Et de conclure: « Brustier pense qu’une métapolitique intelligente pourrait permettre à la gauche radicale française de renouer avec le succès comme c’est le cas de Podemos , en Espagne, lequelPodemos s’inspire très clairement de la théorie de Gramsci et du philosophe argentin Ernesto Laclau qui fut un péroniste en plus d’avoir été un lecteur attentif des œuvres de Marx et de celles de Gramsci. On peut penser en effet qu’une telle métapolitique qui concilierait solidarisme et dénonciation des travers du capitalisme libéral tout en acceptant le fait national et en affirmant le principe de la souveraineté populaire serait susceptible de faire mouche, comme c’est le cas en Espagne. A ceci près qu’en France, le Front national s’est saisi du solidarisme qu’il a ajouté à son thème emblématique qu’est le refus de l’immigration. »
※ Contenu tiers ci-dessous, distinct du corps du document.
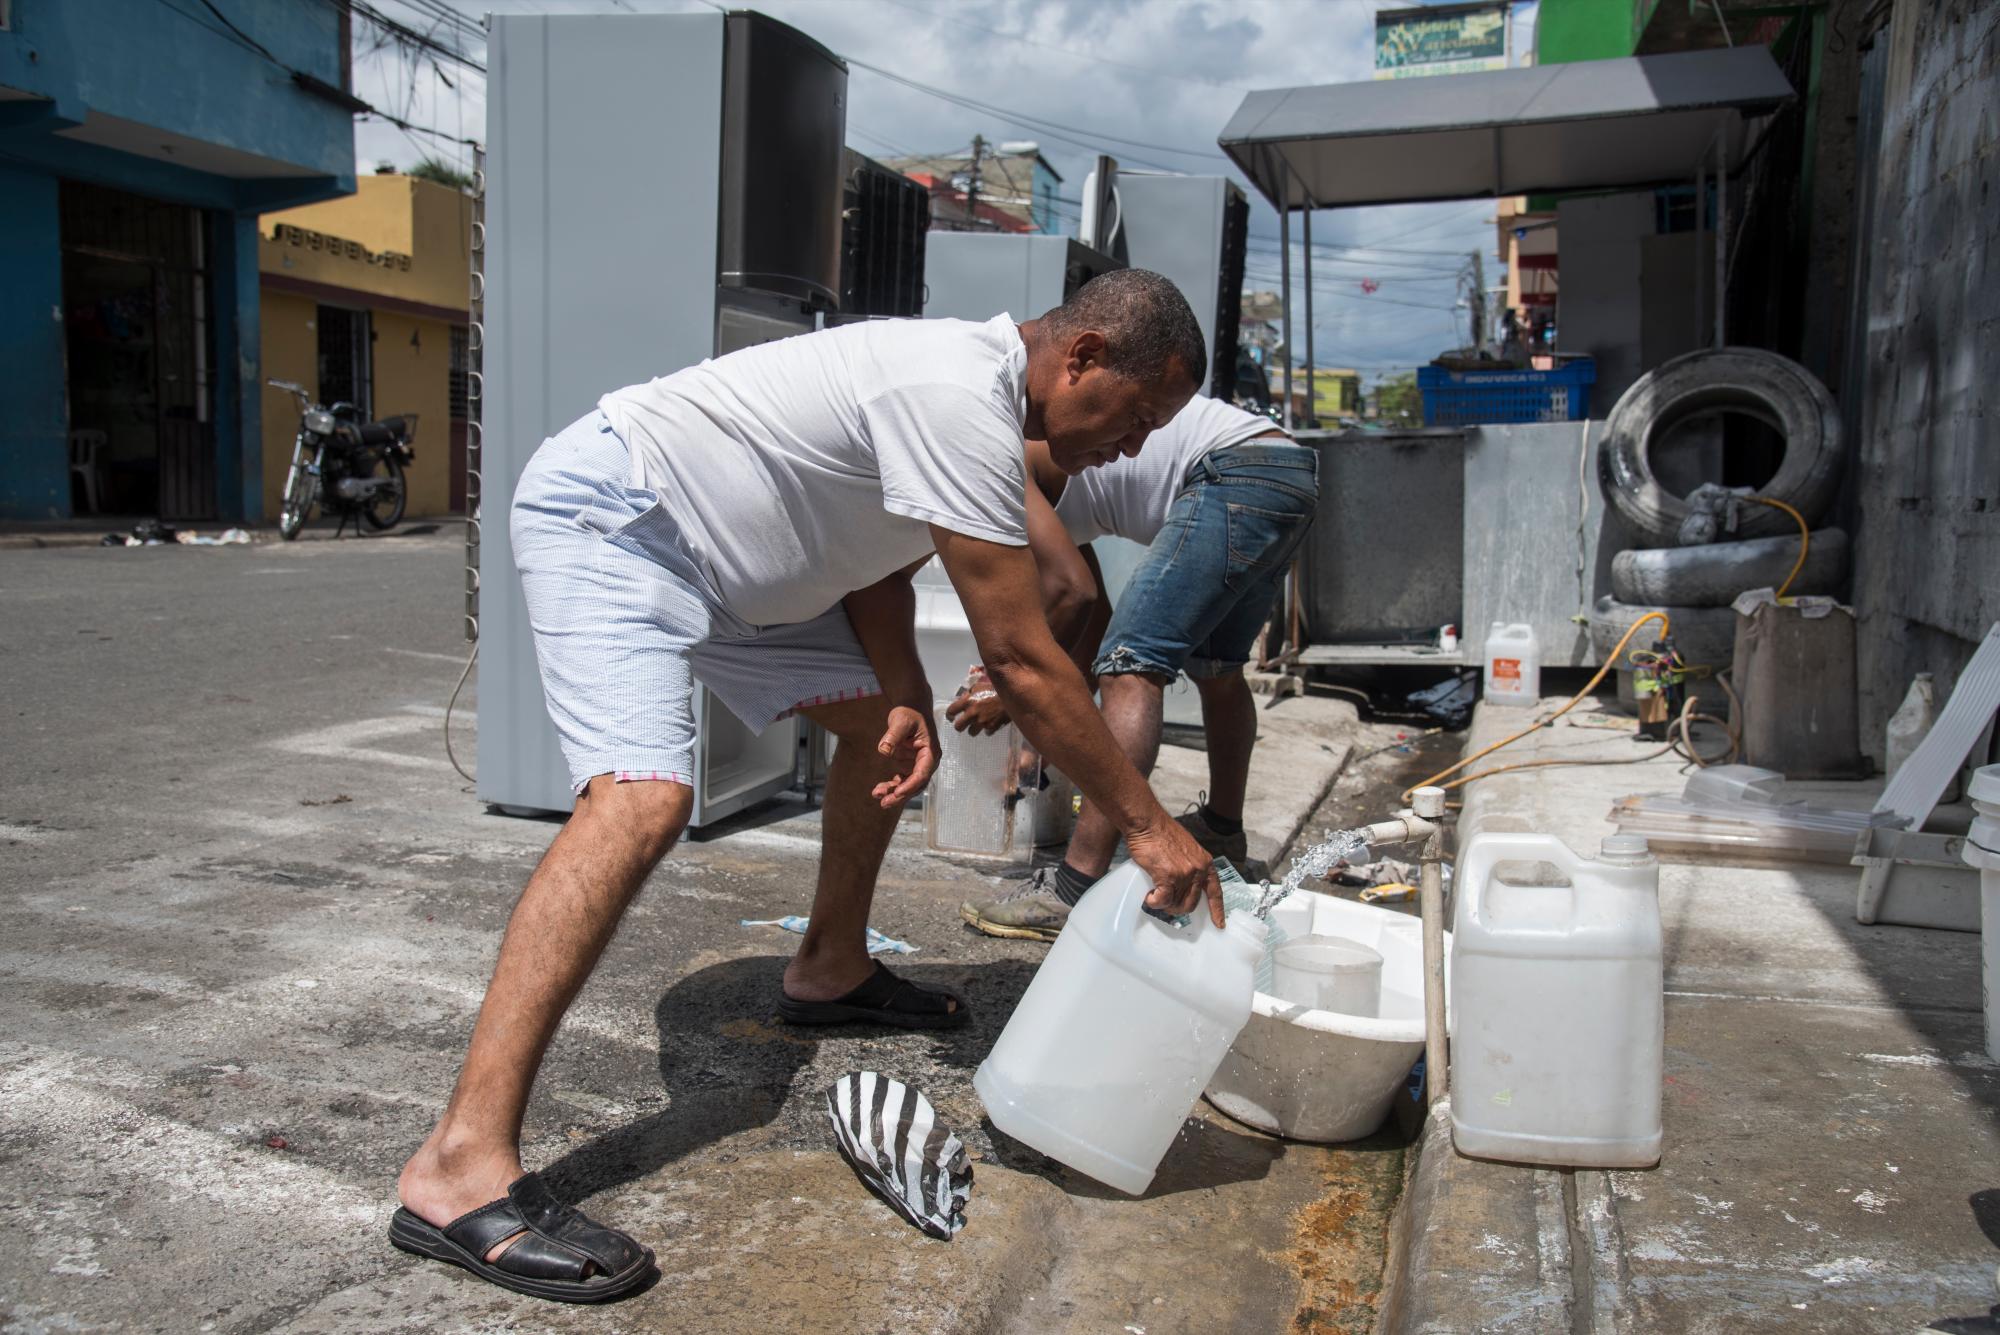 Un señor se abastece de agua en el barrio 27 de febrero en el Distrito Nacional. Domingo 10 de marzo de 2019.

Refus de l’immigration imposée, subie, sans limite qui participe au FN, c’est vrai, de notre refus de l’ultra libre échangisme. Bruno Gollnisch le disait aussi, « nous sommes anti-libéraux au sens où nous refusons la mainmise des groupes financiers anonymes sur les richesses de notre pays, la dictature du profit sur le plan du commerce international, le fait par exemple que les délocalisations se succèdent dans notre pays parce que certaines entreprises vont à la recherche de main-d’œuvre sous payée (…) ».
Au lendemain des Européennes de 2014, Gaël Brustier voyait dans le FN « la grande déchetterie des espérances déçues. » Au vu de la recomposition de notre paysage politique, de ses bouleversements, des tendances lourdes qui imprègnent la société française, la sentence de M. Brustier s’appliquerait beaucoup plus justement au PS en particulier et à la gauche en général. Le vote FN est aussi une promesse et un espoir, le refus d’un déclin; le rejet d’un fatalisme qui est aussi une valeur culturelle, archétypale, laquelle est au cœur de l’âme européenne, française, de la conception du monde portée par notre civilisation.